Before I forget, let me link you to the guest themeless (by Peter Wentz) posted at Brendan’s site last Friday.
Okay, the morning is gone and I want to get some puzzle editing done, so I’ll be quick about this. I like the freshness of NEAREST EXIT—it’s thisclose to being an arbitrary adjective+noun phrase and likely is not found in any dictionary as a single entry, and yet it really does feel like a distinct lexical chunk to any air traveler.
I like “HERE’S WHY” because it reminds me of a cheesy lecturer my husband once saw. That guy’s shtick was “Blah blah blah, and I’ll tell you why,” over and over.

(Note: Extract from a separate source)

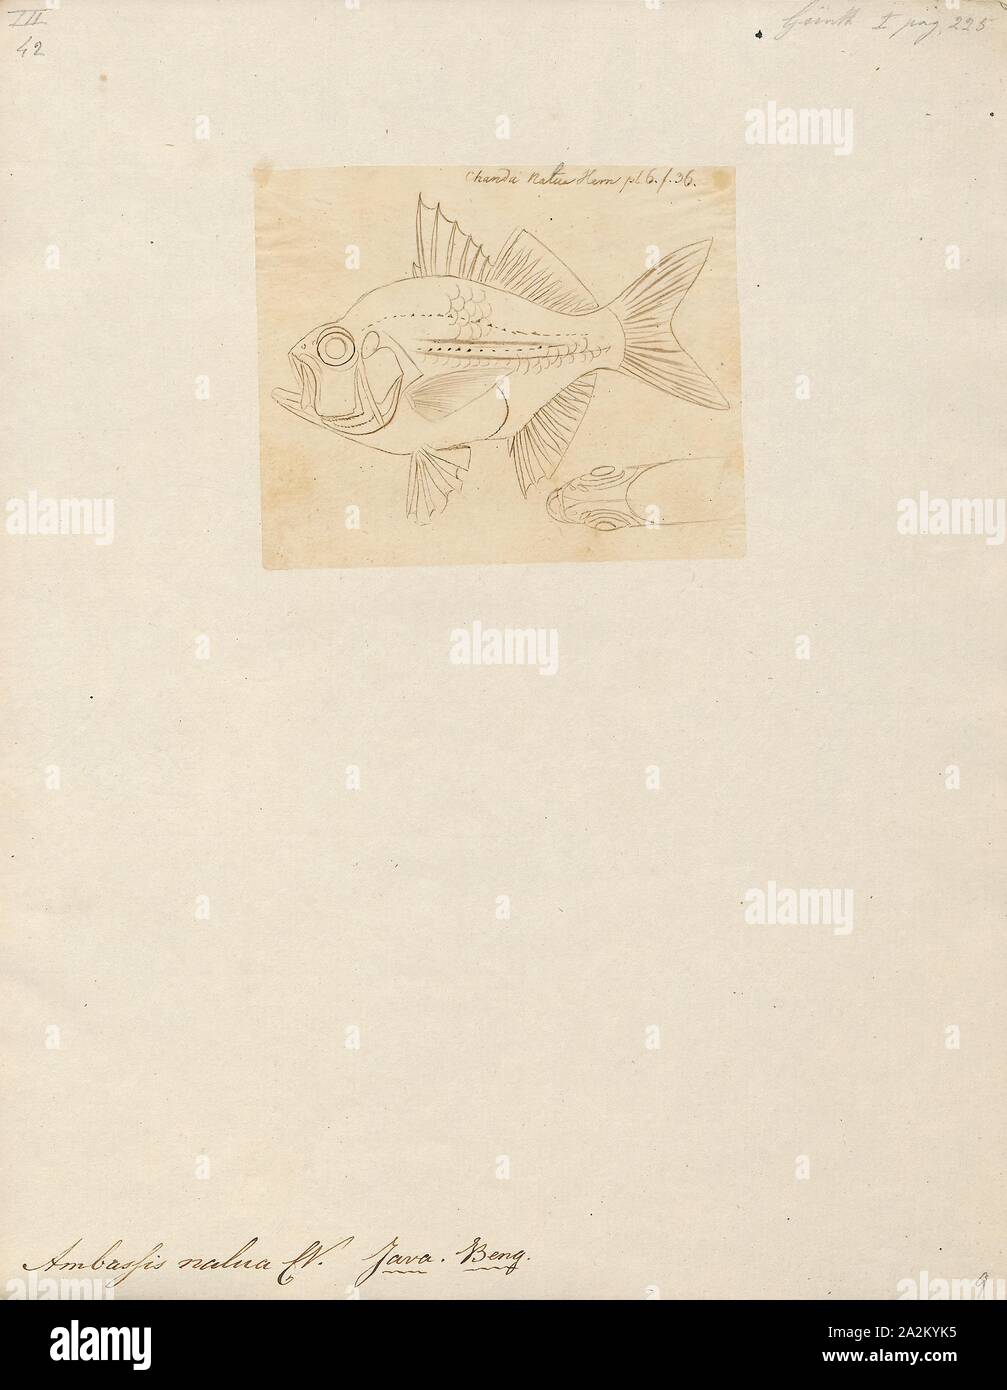 Ambassis nalua, Drucken, Ambassis nalua, die Scalloped glassfish oder überbackene perchlet, ist eine Fischart aus der Gattung Ambassis. Es native auf den indopazifischen Region ist, Indien, Australien und Neuguinea, wo es in Buchten, Flussmündungen und Mangroven gesäumten Bäche auftritt., 1807-1822 Stockfoto
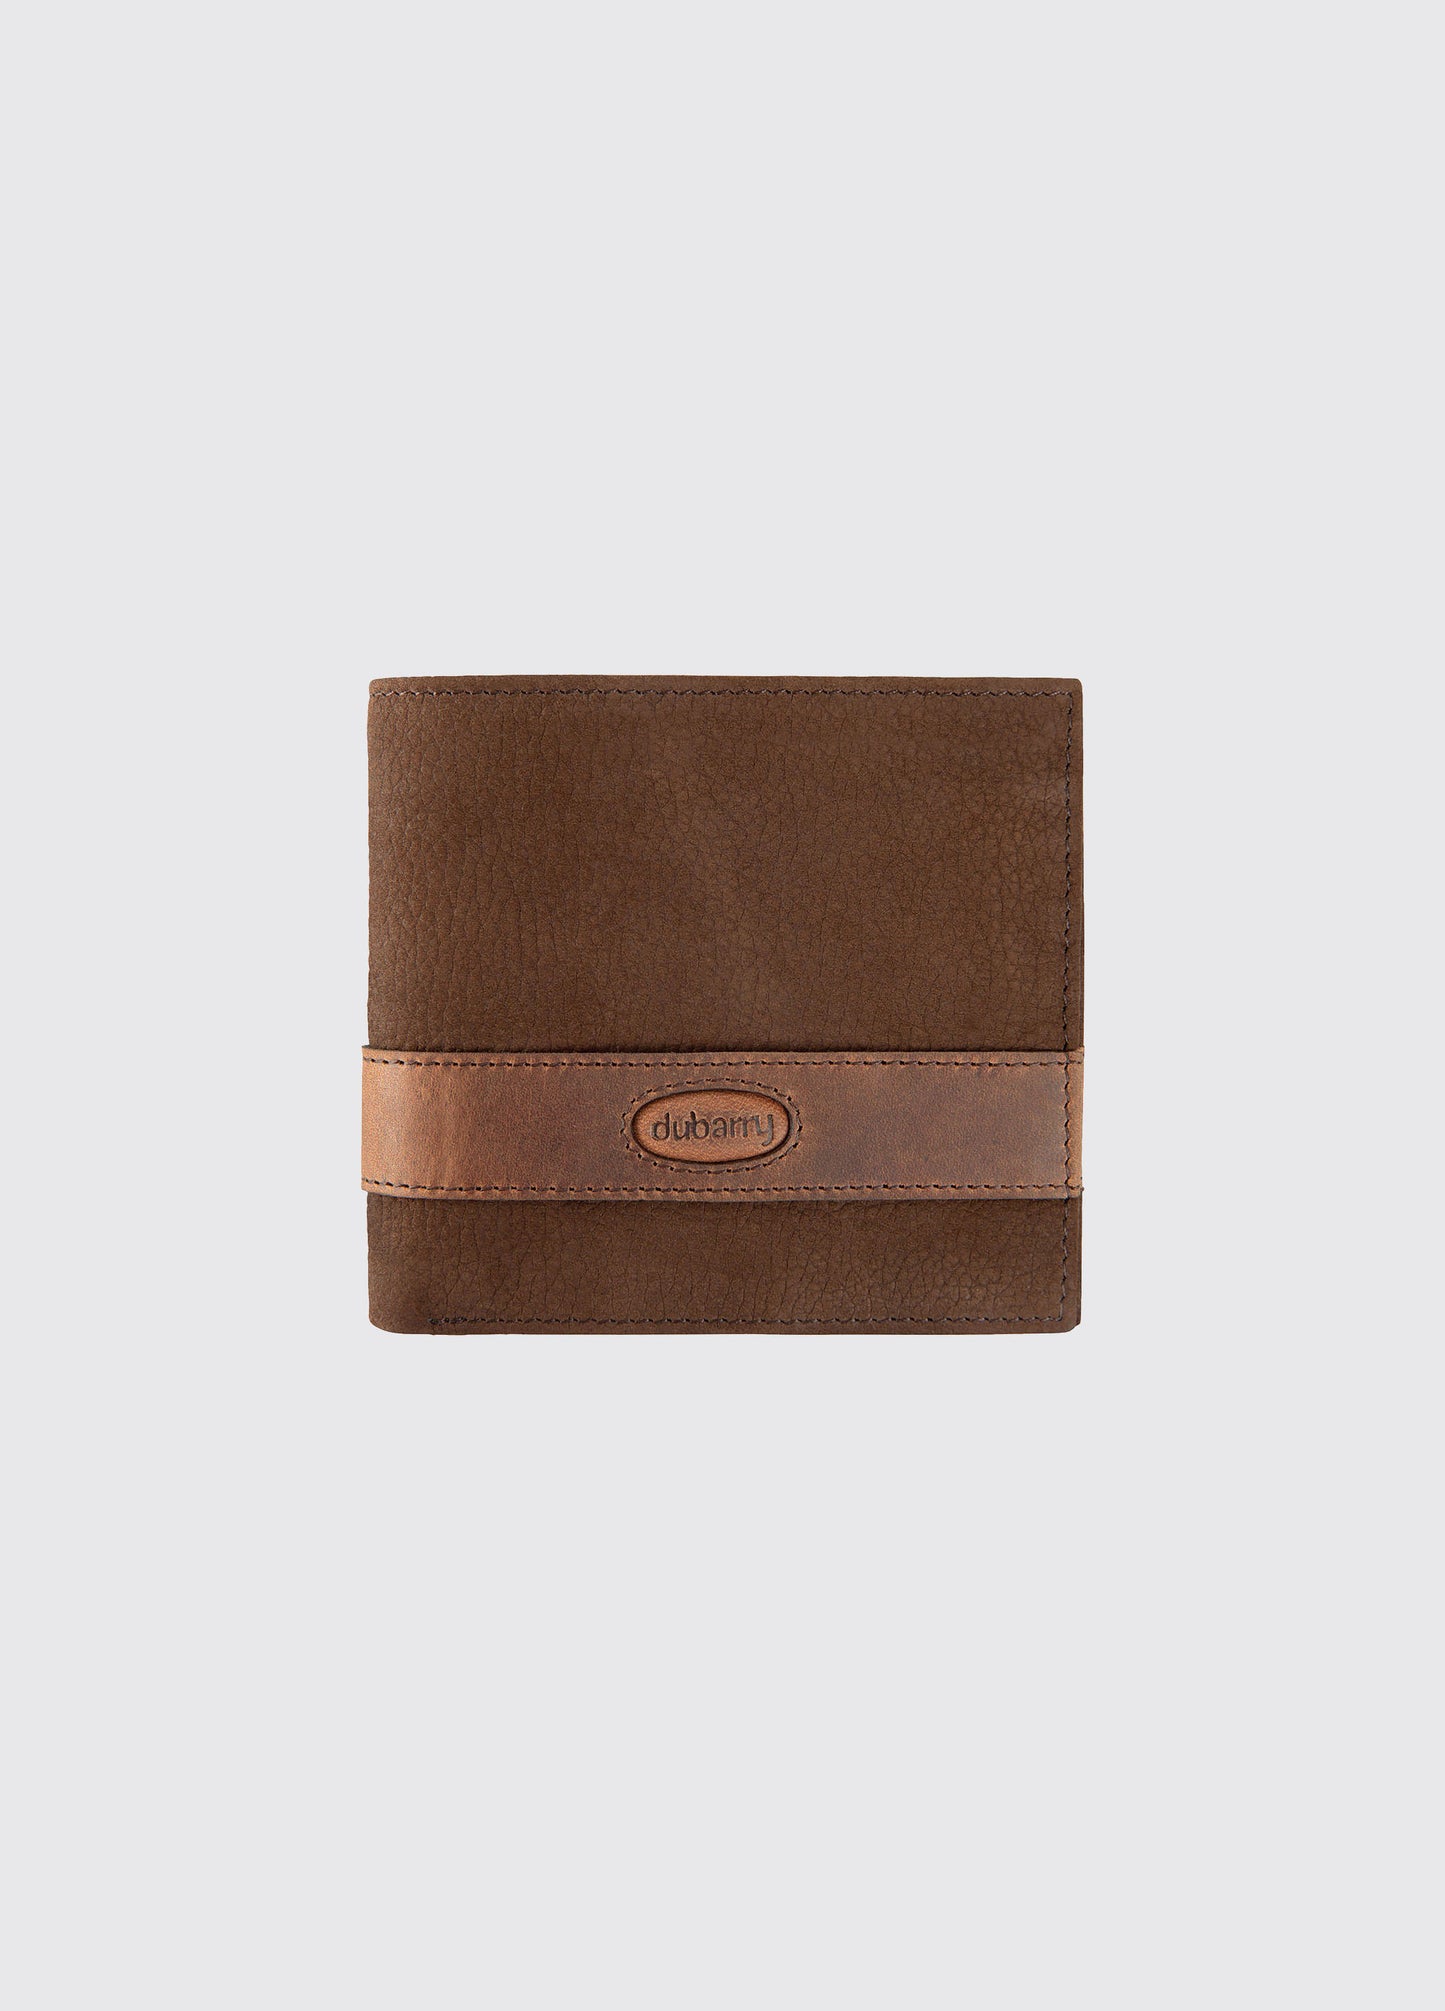 Grafton Leather Walnut Wallet

The clue for THE GAP, [Company with a recent failed logo change], amuses me because I was following that story on Twitter a couple weeks back. Echoes of the Tropicana juice redesign—(1) Company spends money designing new logo/packaging. (2) Company springs it on the marketplace. (3) Marketplace says “Good god, what are you doing? That’s awful! Go back to what you had. Don’t mess with iconic, you dipwads.”
You know what slowed me down in the southeast quadrant? I had ACES for [Whizzes]. Mm-hmm, Brendan went with PEES.
34a looks like a disease afflicting those who take on more than they can handle: YESITIS.